EXERCISE OBJECTIVE.
Output only the lines of the entries that follow, starting at the one with "horizontal view of" and running down to the one with "Assistant Has Fun", both included and unchanged.

EXERCISE INPUTS.
-*-*-

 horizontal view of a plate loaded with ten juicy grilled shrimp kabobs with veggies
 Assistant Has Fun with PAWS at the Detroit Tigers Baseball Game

-*-*-

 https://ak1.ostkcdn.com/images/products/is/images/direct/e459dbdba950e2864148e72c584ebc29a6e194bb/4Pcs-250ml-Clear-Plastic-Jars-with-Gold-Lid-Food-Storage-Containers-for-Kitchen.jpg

-*-*-

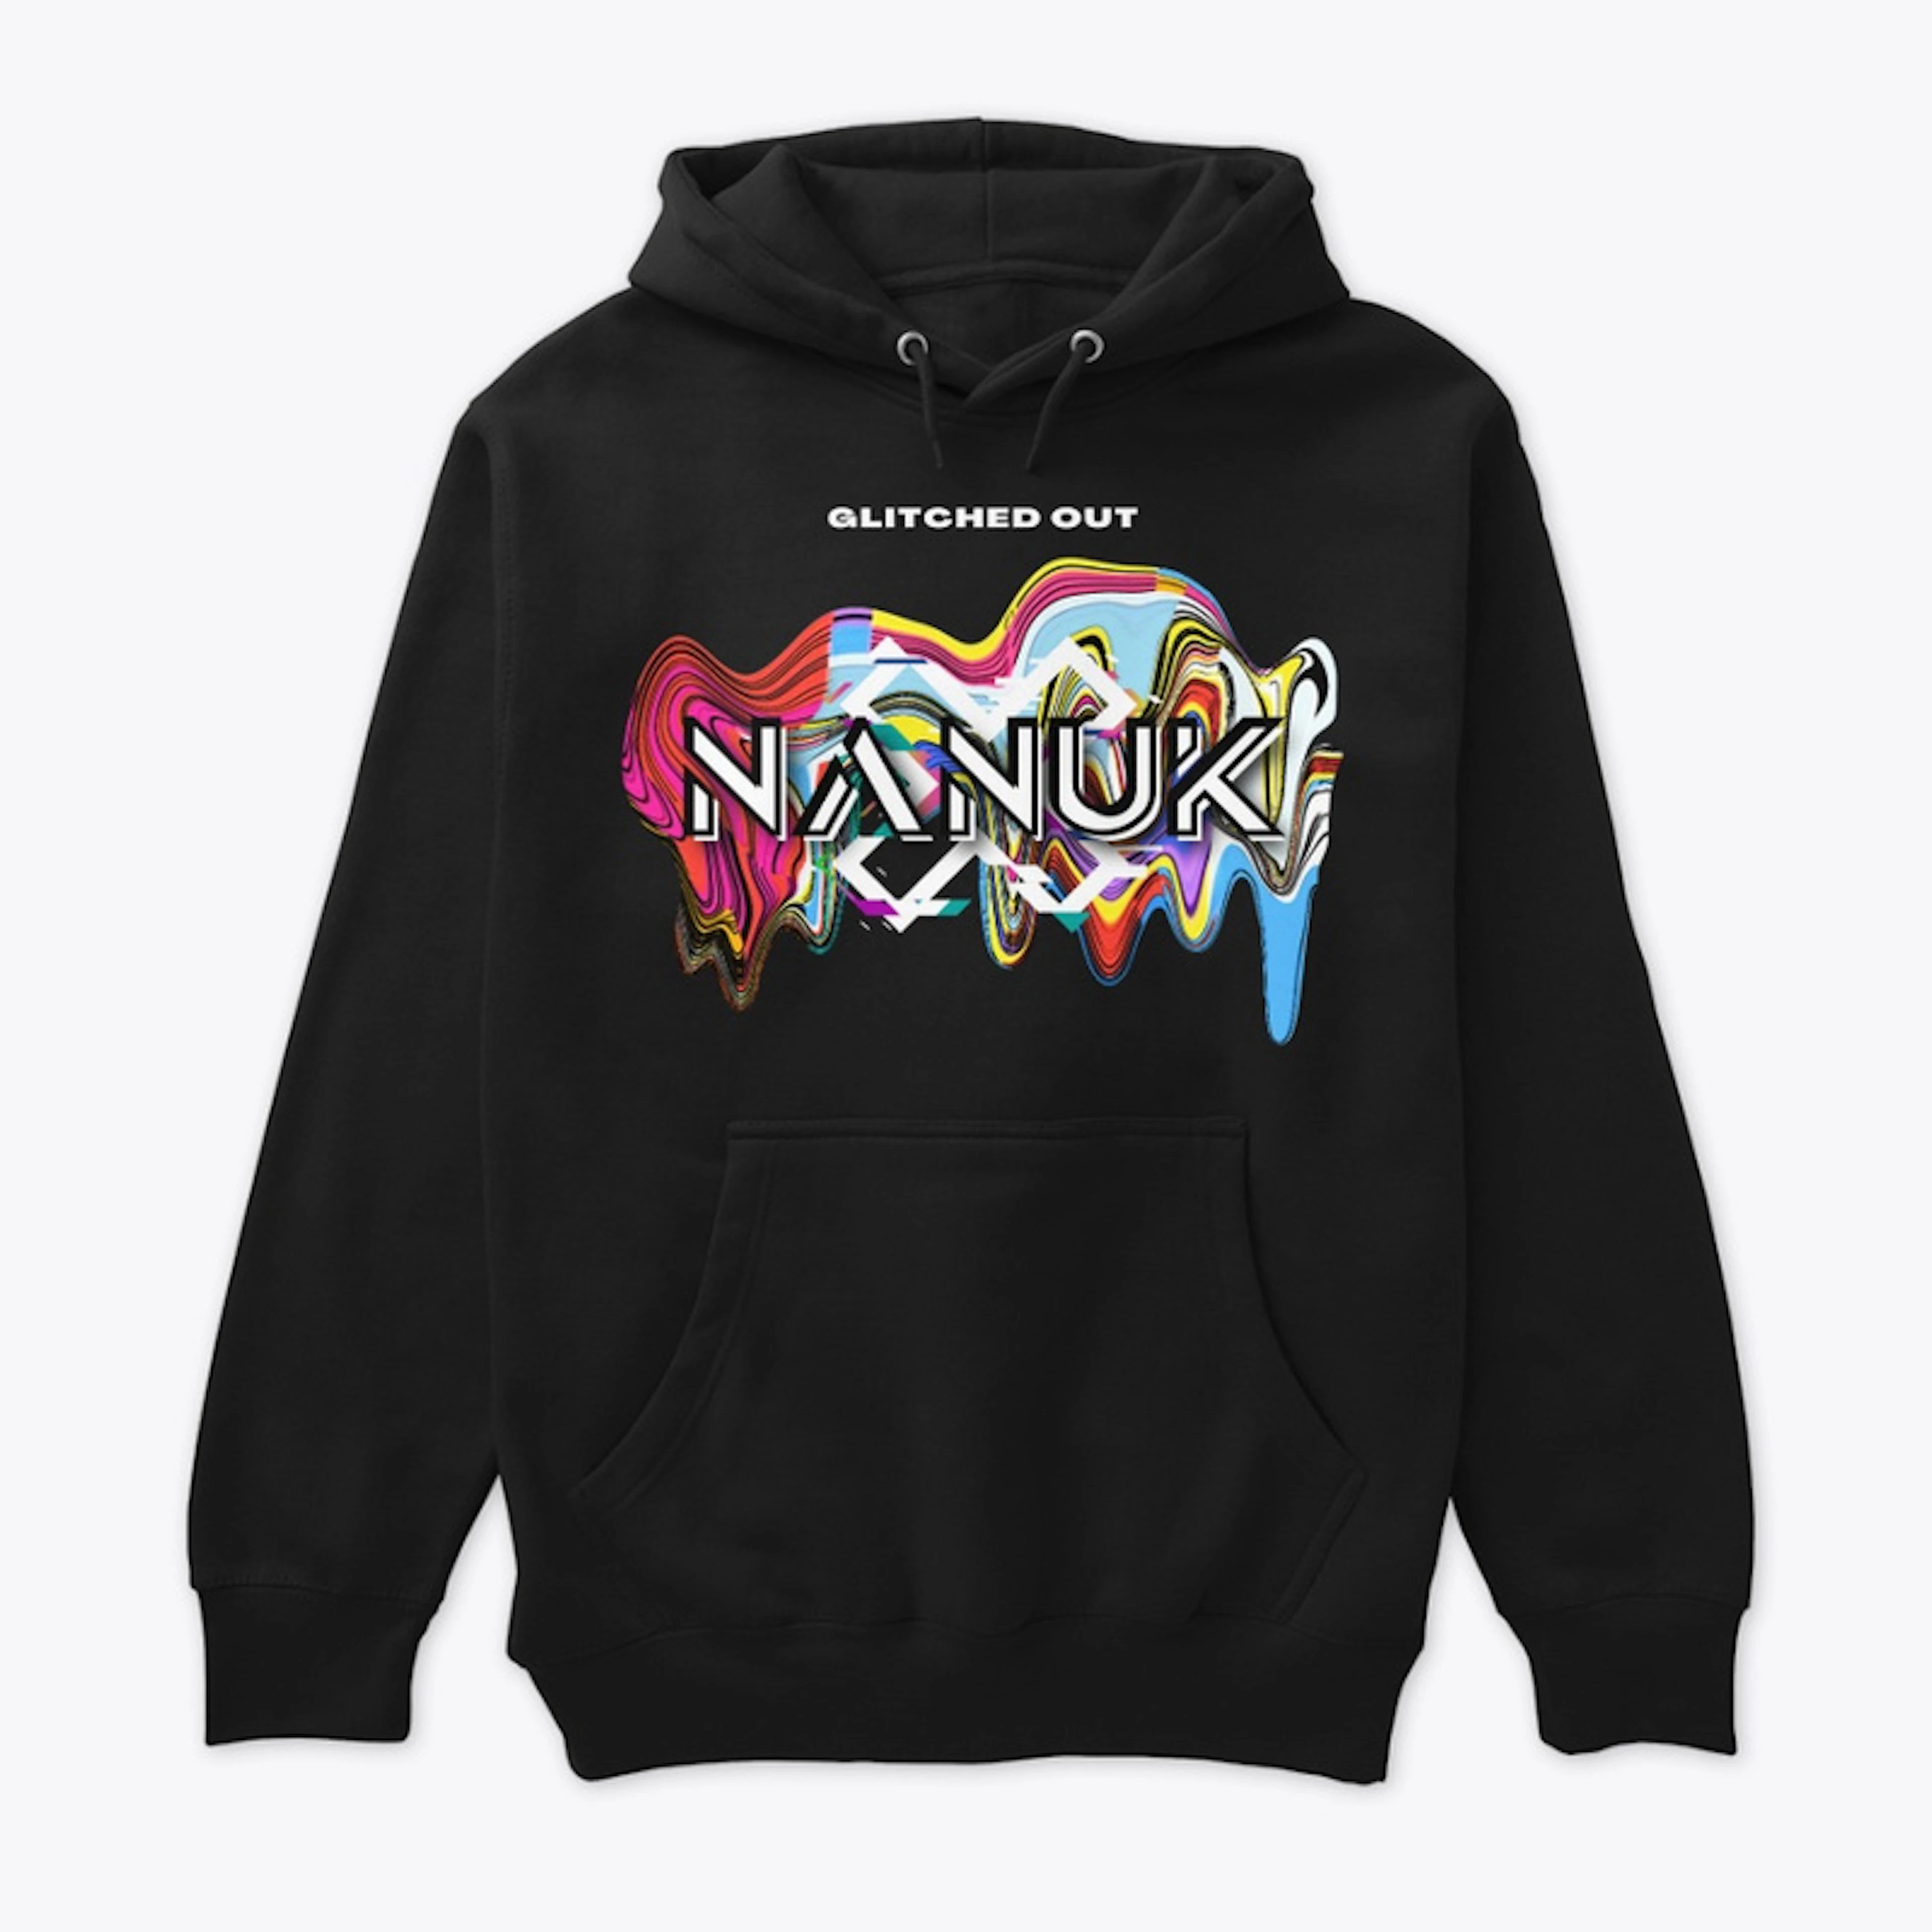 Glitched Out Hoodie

-*-*-

RESULT BELOW.
 horizontal view of a plate loaded with ten juicy grilled shrimp kabobs with veggies
 Assistant Has Fun with PAWS at the Detroit Tigers Baseball Game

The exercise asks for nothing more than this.